SUPPLIED INFORMATION Block Start
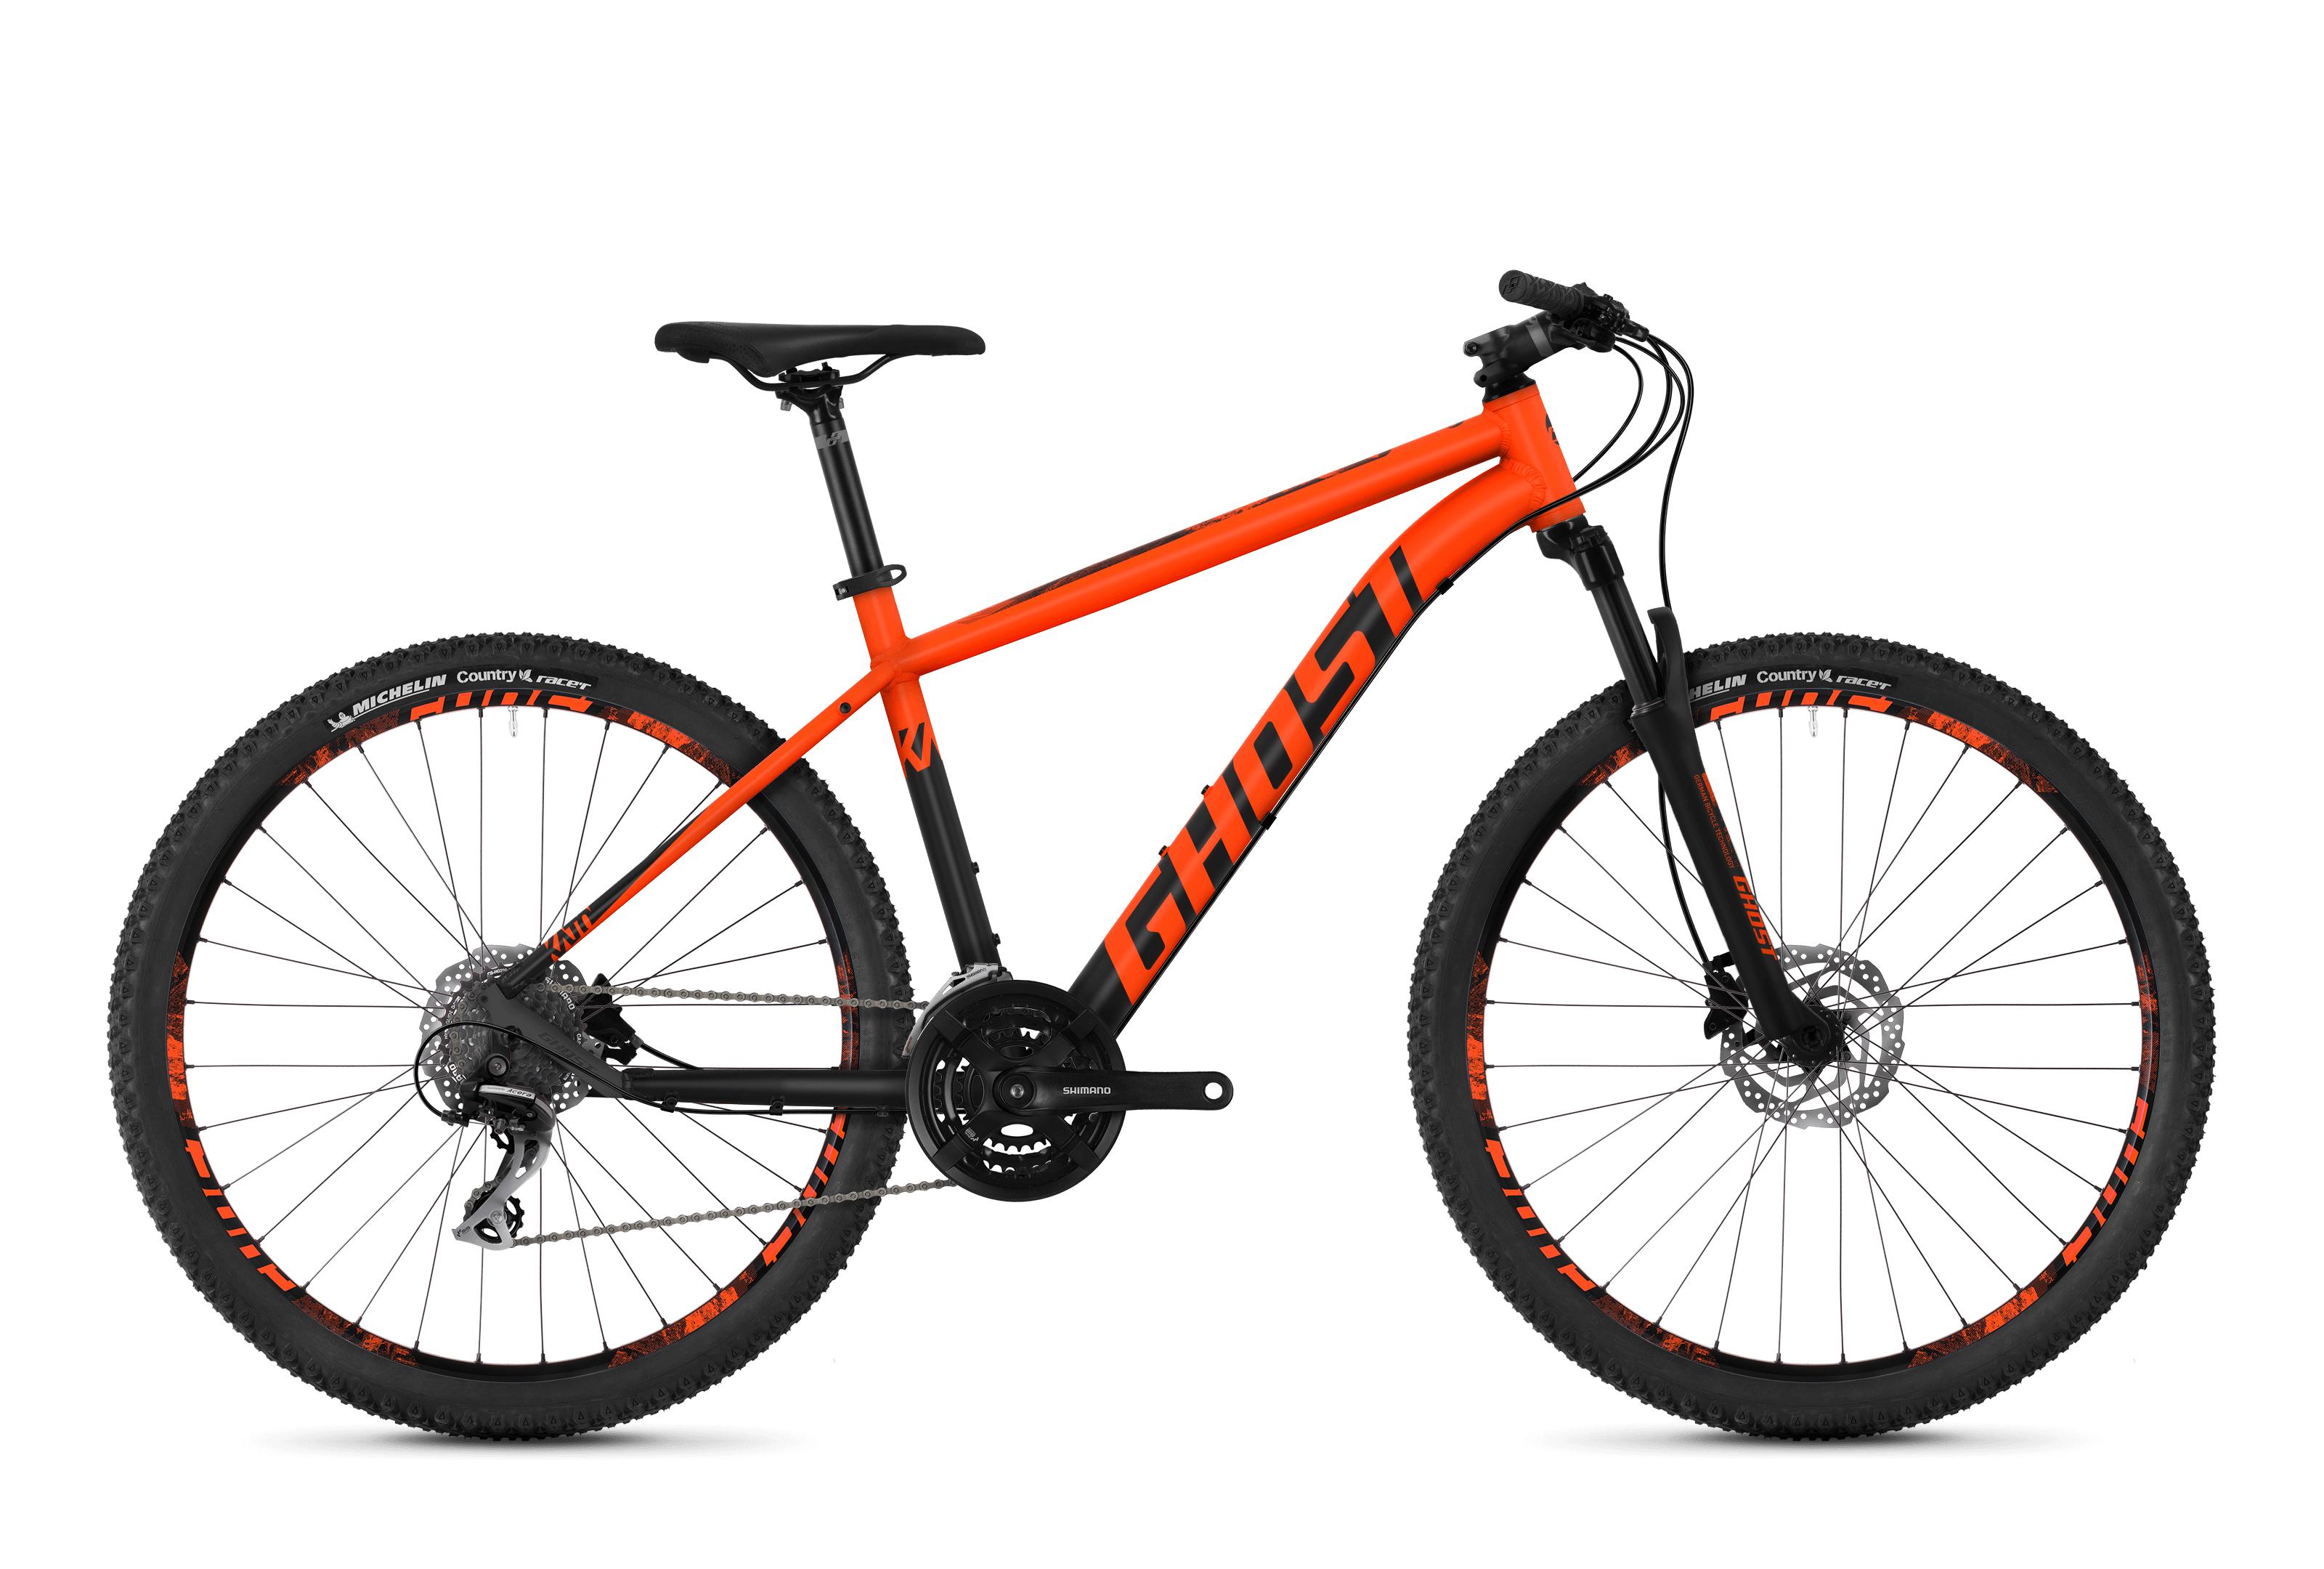 Horské kolo GHOST Kato 3.7 orange / black S 2018
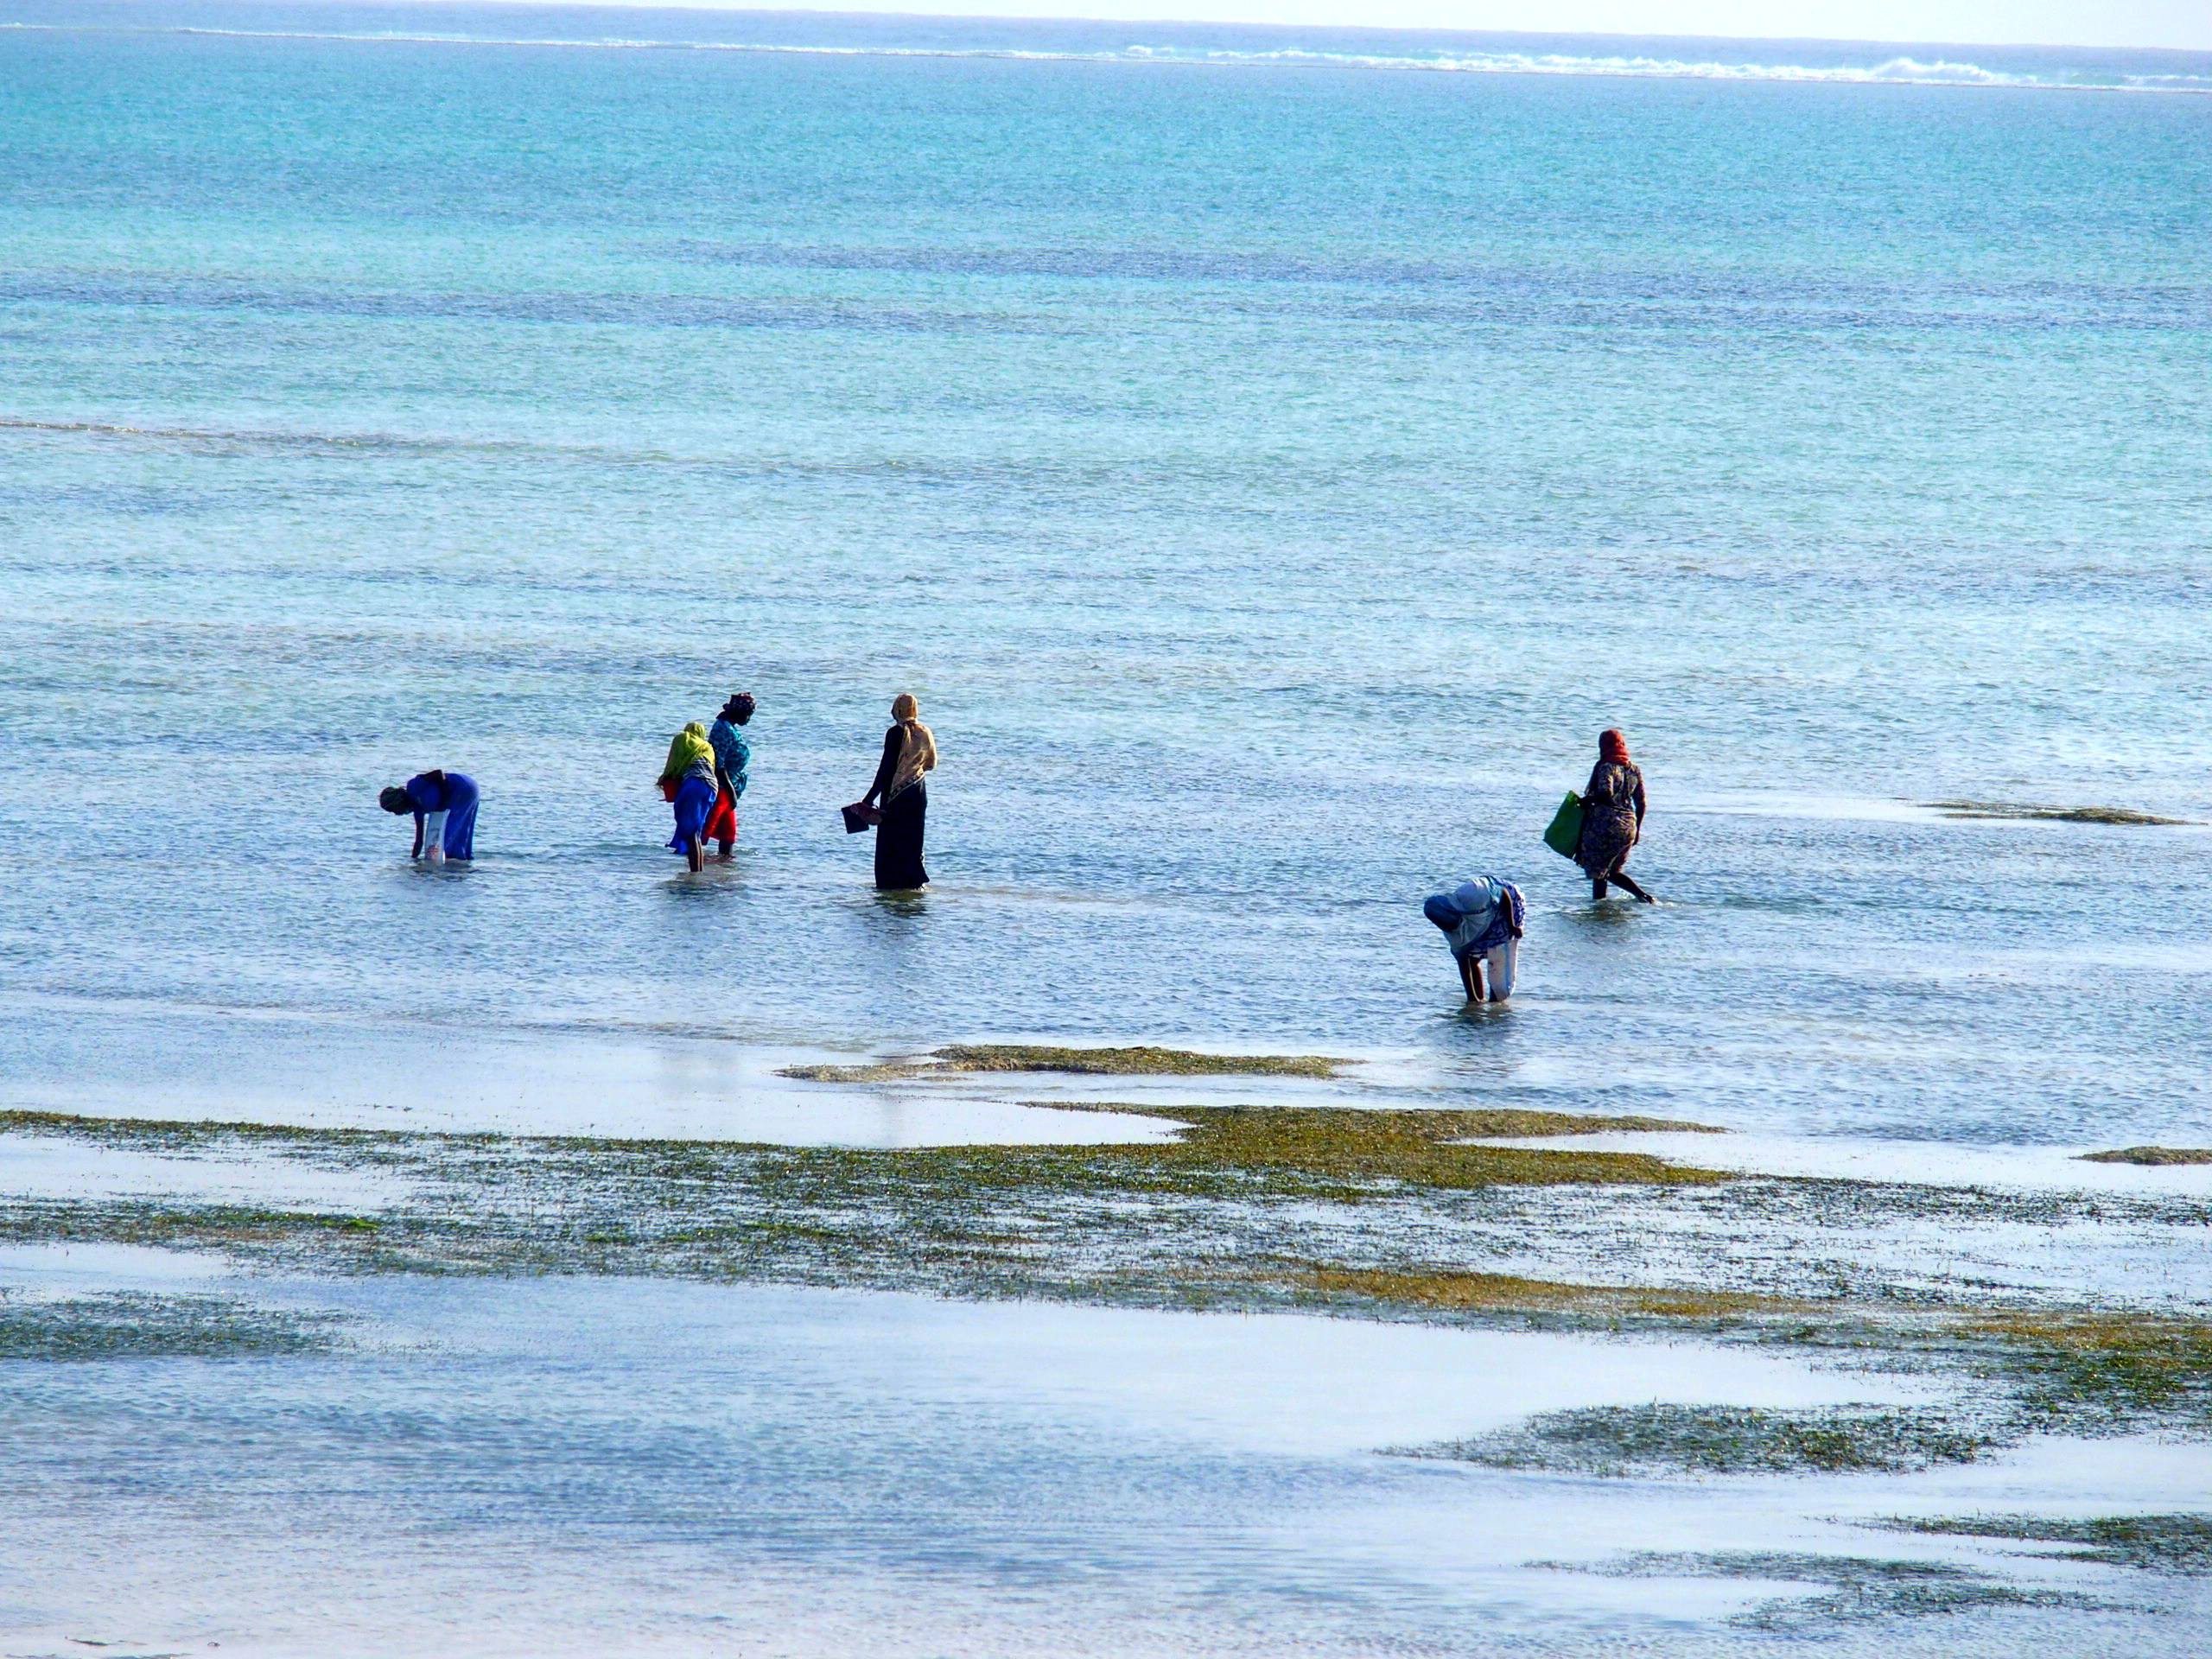 Ramasseuses d'algues au travail Pongwe Zanzibar
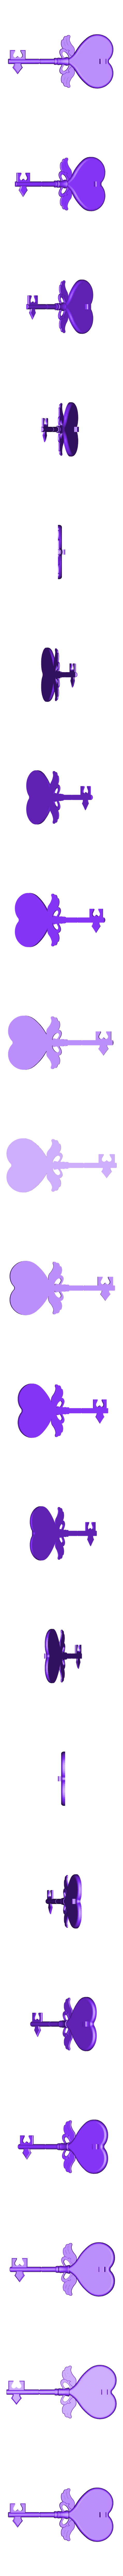 HandleBack.STL Download free STL file Serena's Pokémon Performance Key • 3D printable model, Vexelius
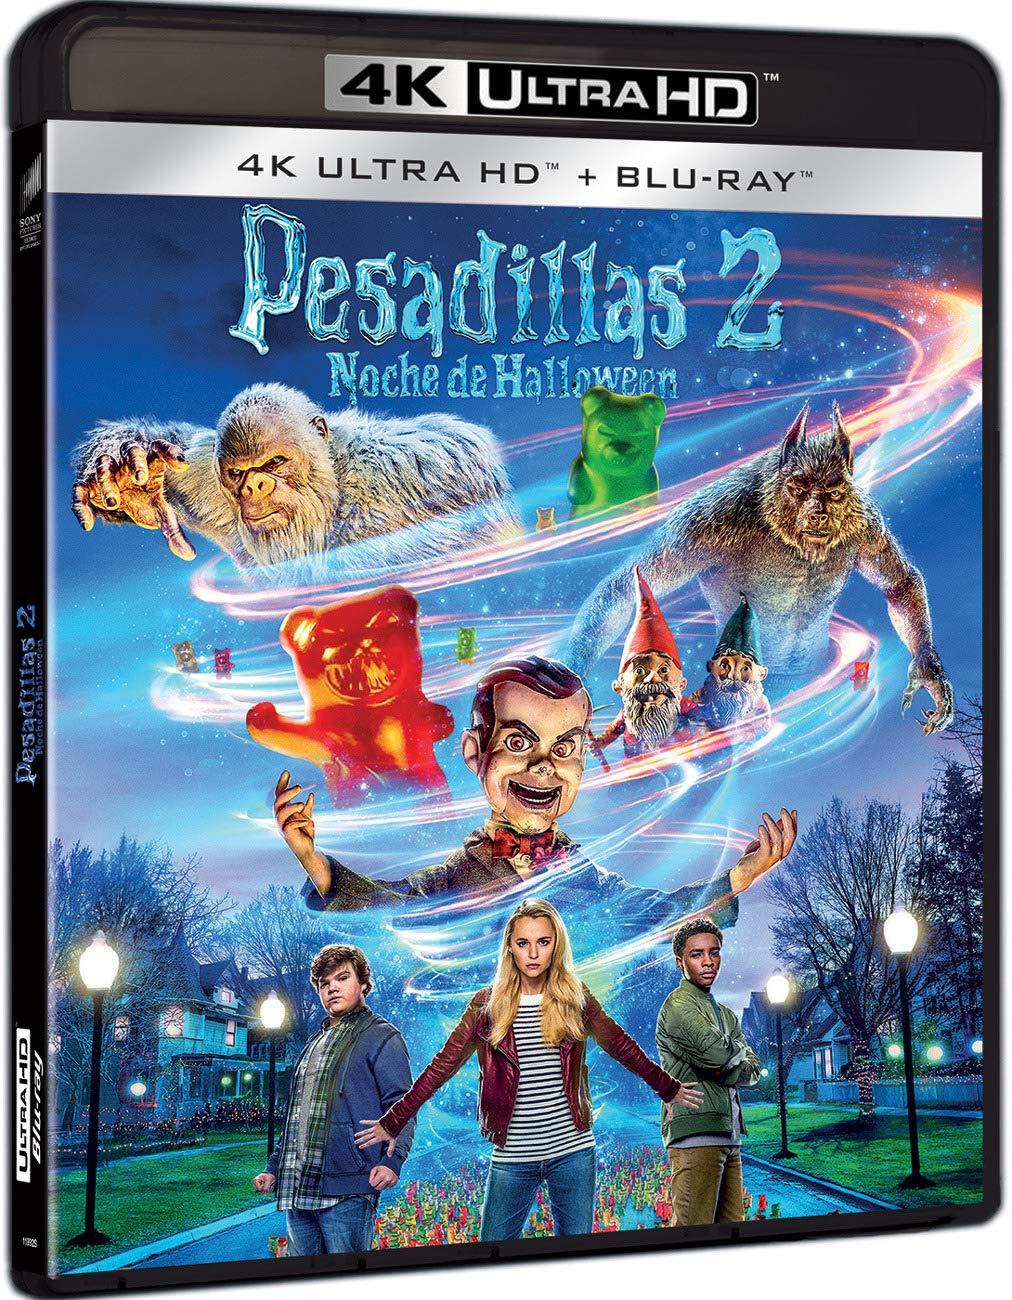 Pesadillas 2: Noche De Halloween 4K UHD + BD Blu-ray: Amazon.es: Wendi Mclendon-Covey, Madison Iseman, Jeremy Ray Taylor, Ari Sandel, Wendi Mclendon-Covey, Madison Iseman, Columbia Pictures Corporation: Cine y Series TV
SUPPLIED INFORMATION Block End
_TASK DETAILS_. Repeat the material above exactly; any picture in it is left out.

_ANSWER AREA_.
 Horské kolo GHOST Kato 3.7 orange / black S 2018
 Ramasseuses d'algues au travail Pongwe Zanzibar
 HandleBack.STL Download free STL file Serena's Pokémon Performance Key • 3D printable model, Vexelius
 Pesadillas 2: Noche De Halloween 4K UHD + BD Blu-ray: Amazon.es: Wendi Mclendon-Covey, Madison Iseman, Jeremy Ray Taylor, Ari Sandel, Wendi Mclendon-Covey, Madison Iseman, Columbia Pictures Corporation: Cine y Series TV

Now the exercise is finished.